Поистине всё в родном городе — главные улицы и гнилые тупики, подземные склады и зелёные бульвары, парадные фасады и глухие стены, закрытые окна и безымянные самоубийцы — было нашпиговано тайнами. И едва ли не каждый житель опасался, что «скелет в шкафу» рано или поздно вывалится с грохотом и скрежетом, только тронь дверцу. У каждого были своё подполье, своя особая территория риска, своя зона опасности, которые цепко держали человека на игле страха и зависимости. Со своей страшной, убийственной тайной жил и самый близкий тогда друг Кирилл Симонян. Его отец, богатый купец, спасаясь от ГПУ, вынужден был оставить семью и пешком перейти персидскую границу. Жена, сын и дочь, стиснув зубы, всю жизнь скрывали, что Симонян-старший жив и находится в Иране. Разумеется, они не писали ему и от него не получали писем, не поддерживали никаких отношений.
«В то враждебное время я жил в Ростове-на-Дону как на чужбине», — напишет Солженицын лет сорок спустя, и это станет поучительной поправкой к понятию «патриотизм»: и в том смысле, что «время — тоже родина», и в отношении к родине «малой» и к упоминанию родины «большой». Ведь слово «Россия» (как и слово «офицер»), употреблённое без ругательных эпитетов «старая», «царская», «проклятая», вплоть до Великой Отечественной войны считалось махровой контрреволюцией. «До 1934 сам термин “патриот” считался в России преступным. Всё русское постоянно подвергалось презрению в выступлениях, в прессе. Эта официальная ненависть к России кажется и теперь чем-то невероятным. Однако она существовала. Поворот произошел в 1934, неожиданно, по тактическим соображениям» («Архипелаг ГУЛАГ»).
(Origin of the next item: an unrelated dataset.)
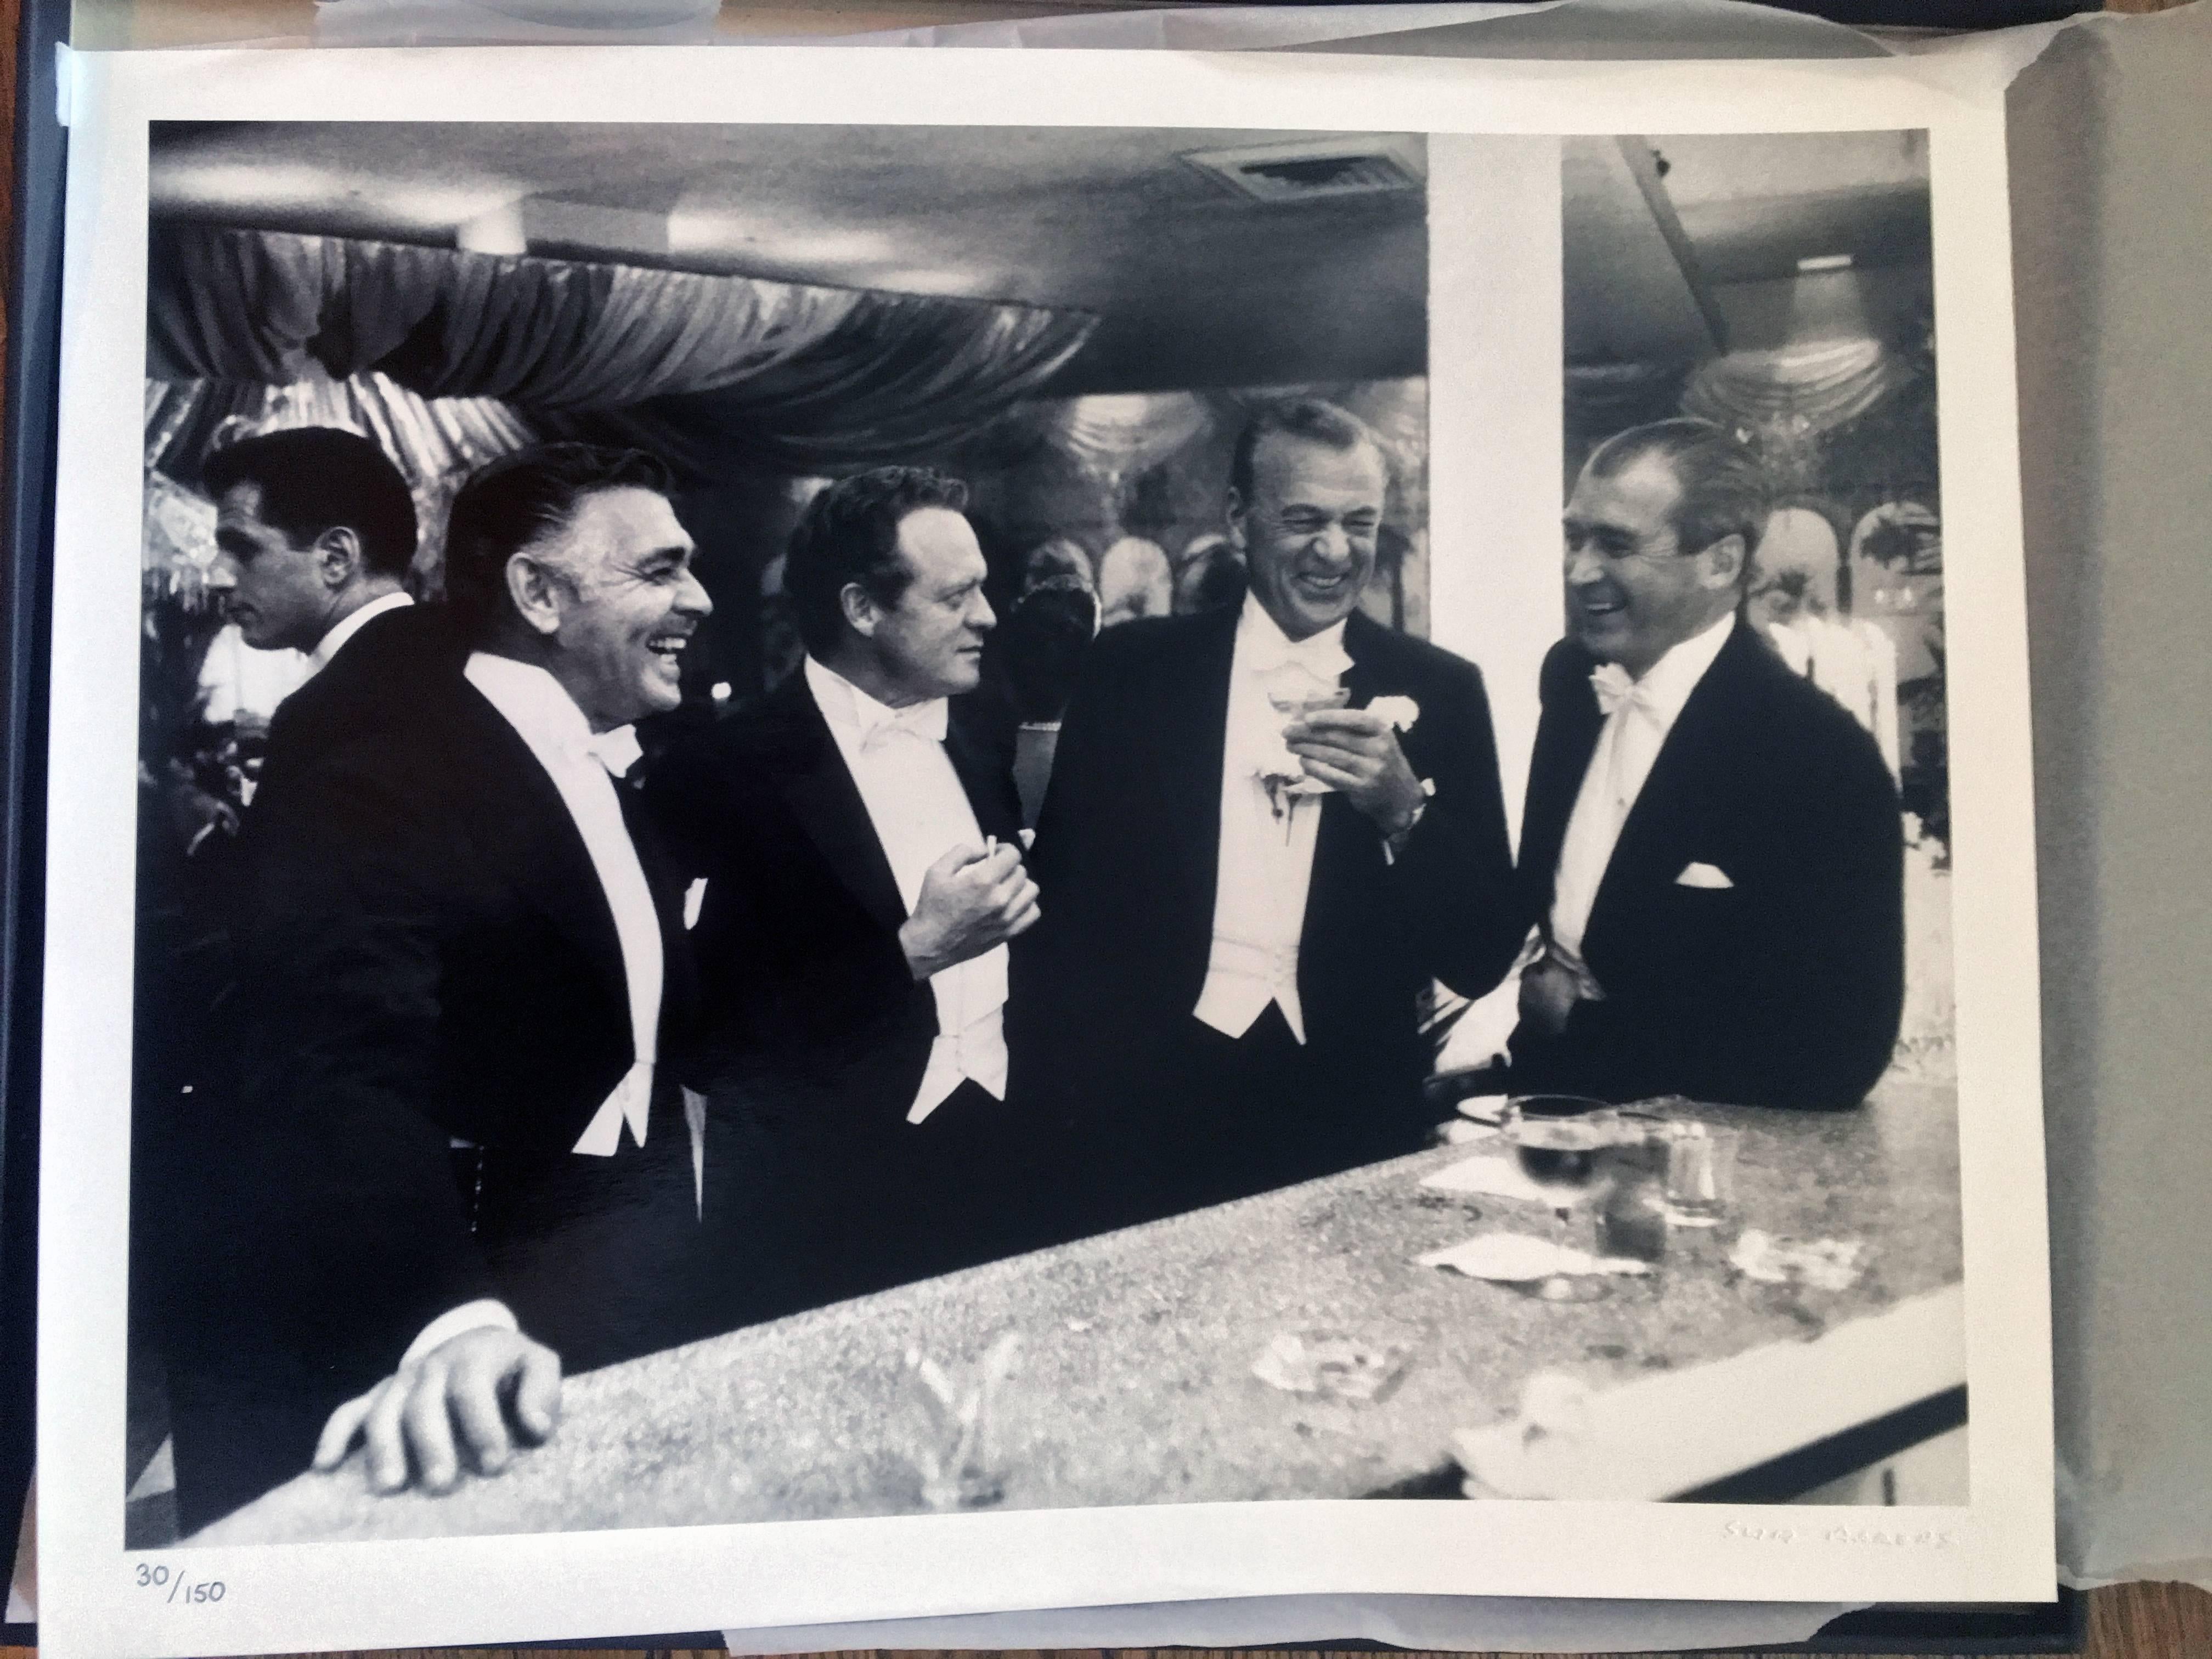 Kings of Hollywood (Clark Gable, Gary Cooper, James Stewart, Van Heflin - Photograph by Slim Aarons

«Сколько я знал и помнил, самое страшное — это соцпроисхождение. Десять и пятнадцать лет советской власти его одногобыло достаточно для уничтожения любого человека и целых масс. (И по сегодня из ленинских и других томов не изъяты прямые распоряжения подобного рода). И этоготроим из нас надо было бояться более всего: мне из-за моего богатого деда, тебе (Симоняну. — Л. С.) — из-за богатого отца (да ещё живого и за границей, а ну, как это звучало тогда?), Наташе (Решетовской. — Л. С.) — из-за отца, казачьего офицера, ушедшего с белыми». В секретных досье 1970-х это обстоятельство тоже было взято на заметку. «Жена Солженицына — Решетовская Наталья Алексеевна, 1919 года рождения, урож. гор. Новочеркасска, русская, беспартийная, с которой он зарегистрировал брак в 1940 году... В анкетах она указывает, что её отец Решетовский Алексей Николаевич, 1988 года рождения, до революции занимался литературной деятельностью, умер в 1919 году. Её мать — Решетовская Мария Константиновна, 1890 года рождения, по профессии учительница. По оперативным данным, отец Решетовской — казачий сотник из Новочеркасска, погиб во время гражданской войны при обстоятельствах, которые Решетовские скрывают». Оперативный источник — не кто иной, как Ржезач, написавший, что отец Решетовской был казачьим есаулом. «Мама говорила, — возмущалась лжецом Ржезачем Решетовская, — что отец мой был всего лишь прапорщиком. Но отец-есаул — это уже почти криминал».